At this time of year, one of the big advantages of married life — if you’re a guy — is that your wife can do all the Christmas shopping.
This is enormously helpful for those of us who are too dimwitted to buy presents unless they involve pro sports, alcoholic beverages or technological devices beginning with an “i.”
My aversion to holiday shopping has become so intense that I sleep through Black Friday, Holy Saturday, Cyber Monday, and Black and Blue Tuesday. I don’t like crowds, I don’t like lines and I don’t want to push my way through mobs and wrestle some 247-pound teenager over a Samsung flat-screen TV.
I’ve reached the age when I hate malls and I hate breathing toxic recycled air that smells like cheap perfume and cinnamon buns or nachos smothered in chemically processed cheese. Even worse, I hate buying gifts for people who don’t appreciate them (especially if they’re my daughters), so I’m grateful to have a wife who does all that and can find bargains, too.
Unfortunately, wives are overburdened with yuletide responsibilities. To compound the indignity, they often get gifts they have no desire to keep, such as Black & Decker power tools or clothes designed for 19-year-olds pursuing careers in pole dancing.
Sad as it seems, I’ve resorted to giving gift cards to my wife even though I hate the idea of gift cards. It’s a lazy way of saying, “Merry Christmas, I love you, and I spent a lot of time thinking about how much I want to show my affection by deliberating over what to get you, until I finally decided you mean so much to me that I had to give you this tasteful Amazon gift card. Did you like the talking dogs?”

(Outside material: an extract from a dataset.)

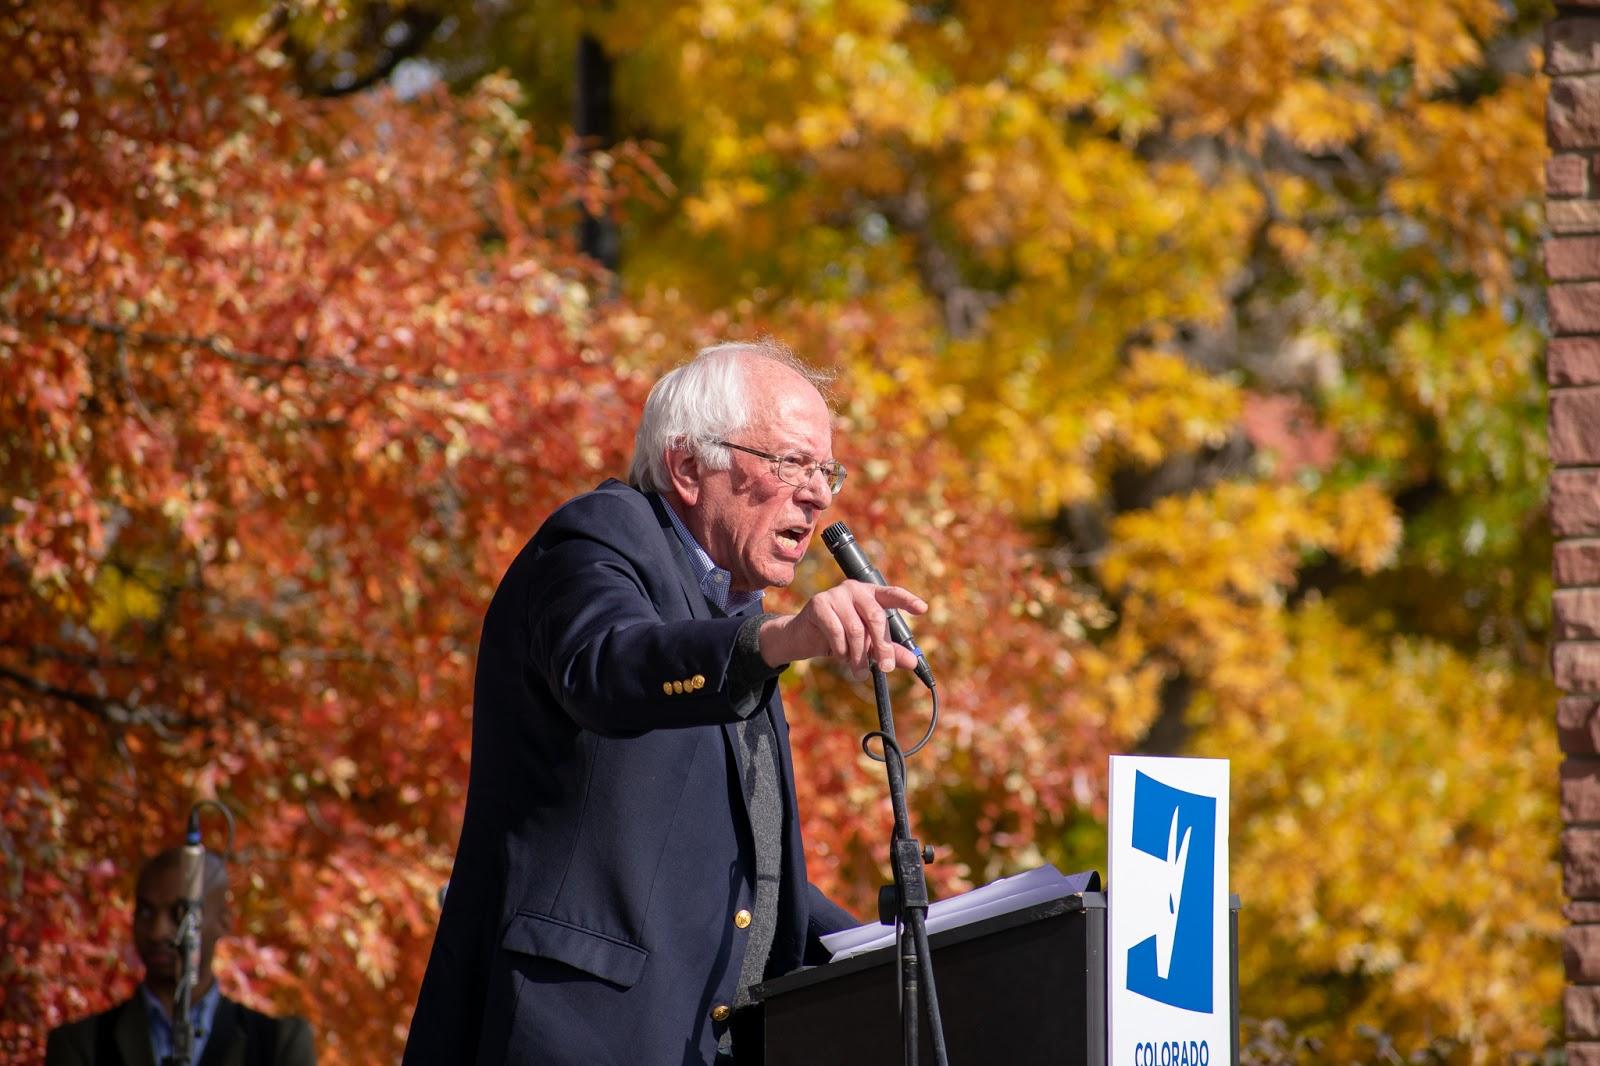 Bernie Sanders rallies on Farrand Field with Colorado Dem. candidates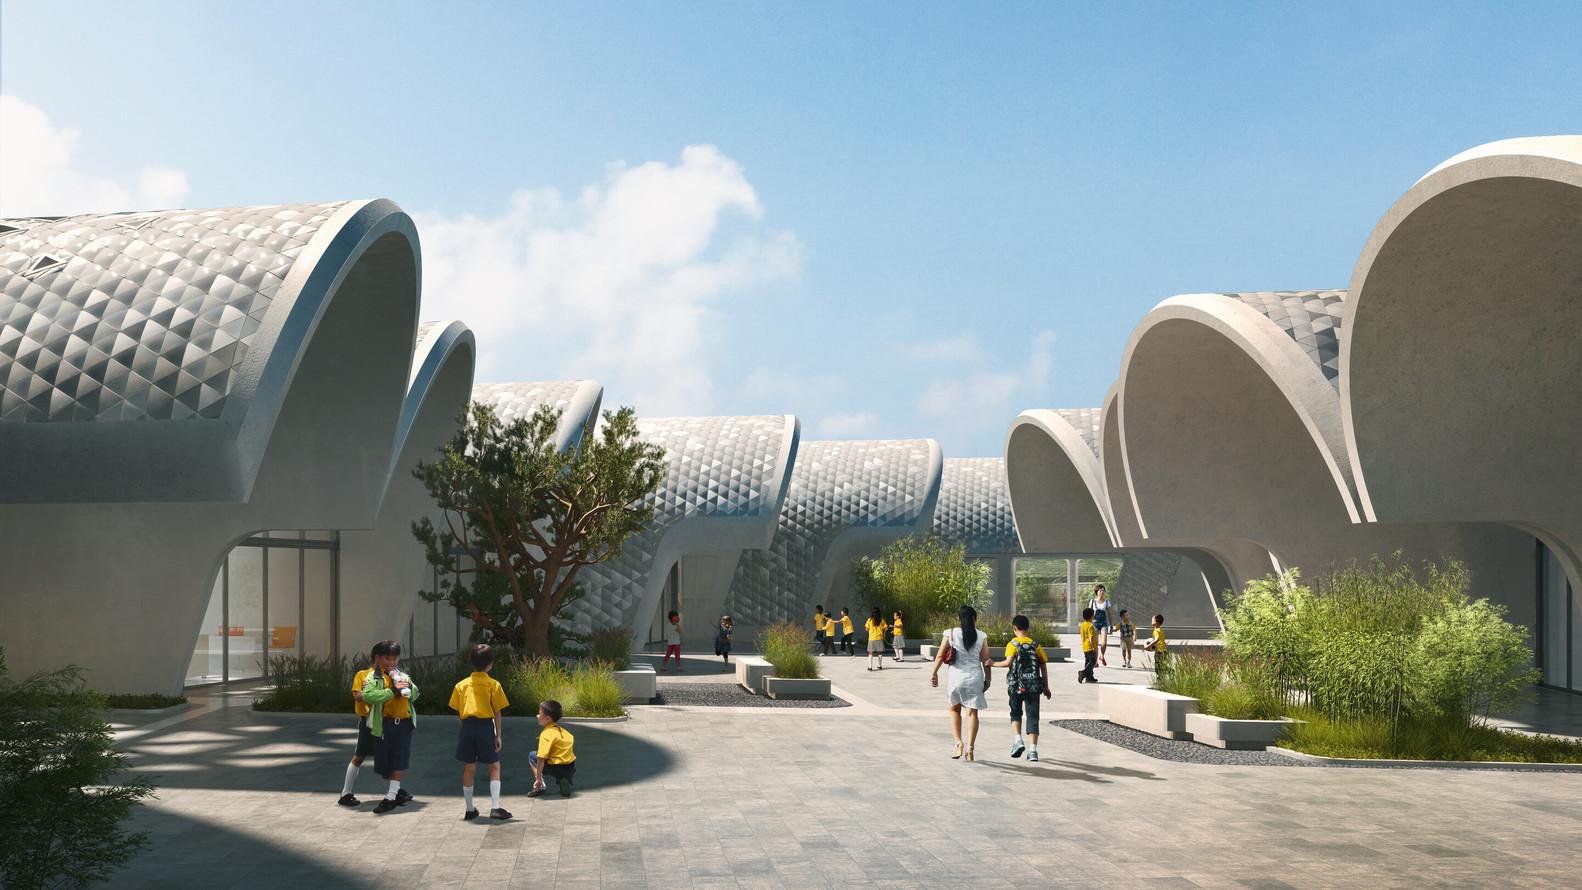 Zaha Hadid Architects Designs Parabolic Vaulted School Campus In Rural  China,© VA

I grew up in a family where everyone got “practical” gifts, which meant at least 60% of my presents consisted of underwear, pajamas and rubbers (as in galoshes), while 15% consisted of U.S. savings bonds, which my mother had the foresight to buy and now they’re making more than the average common stock, CD or Powerball ticket.
In the olden days, I loved Christmas shopping. On the Friday after Thanksgiving, Bradlees had a major toy sale, and I’d fill up two shopping carts for my four daughters, who spent Christmas morning arguing over who got the most. These annual brouhahas forced me to bring out the sales slips and my calculator to prove that the goods had been evenly divided.
My kids taught me a painful lesson. Christmas isn’t about giving — it’s about complaining.
My daughters were never satisfied with what they got, especially when I bought gifts like Orvis fly-fishing rods for us to share. Sadly, a gift that was special to me meant nothing to them. I don’t want to bore you with one of my “when I was a boy” stories, but when I was a boy, things were different. People bought you gifts, and if you didn’t like them, you pretended to like them … until you learned to like them.
Why? Because someone — your mother, your father, your uncle, your great-aunt Sophie or your Nonna — put serious thought and money into that gift, and you were expected to be grateful even if it was only a tie clip with a map of Trinidad and Tobago on it.
That was the true spirit of Christmas. It was a time for giving and getting and disappointment. But if you were lucky and Santa smiled on you, one of the gifts under the tree turned out to be a true joy — a Rawlings baseball mitt, a Schwinn Stringray or a Malibu Barbie.
Looking back, I wish I got more of those savings bonds. It would have made life a lot easier. At this stage, I’m reverting to my childhood. All I want for Christmas are practical gifts — some Dr. Scholl’s foot pads, Gillette razor blades, loose-fitting underwear, and oh, an iPad Air 2 with 64 GB storage capacity.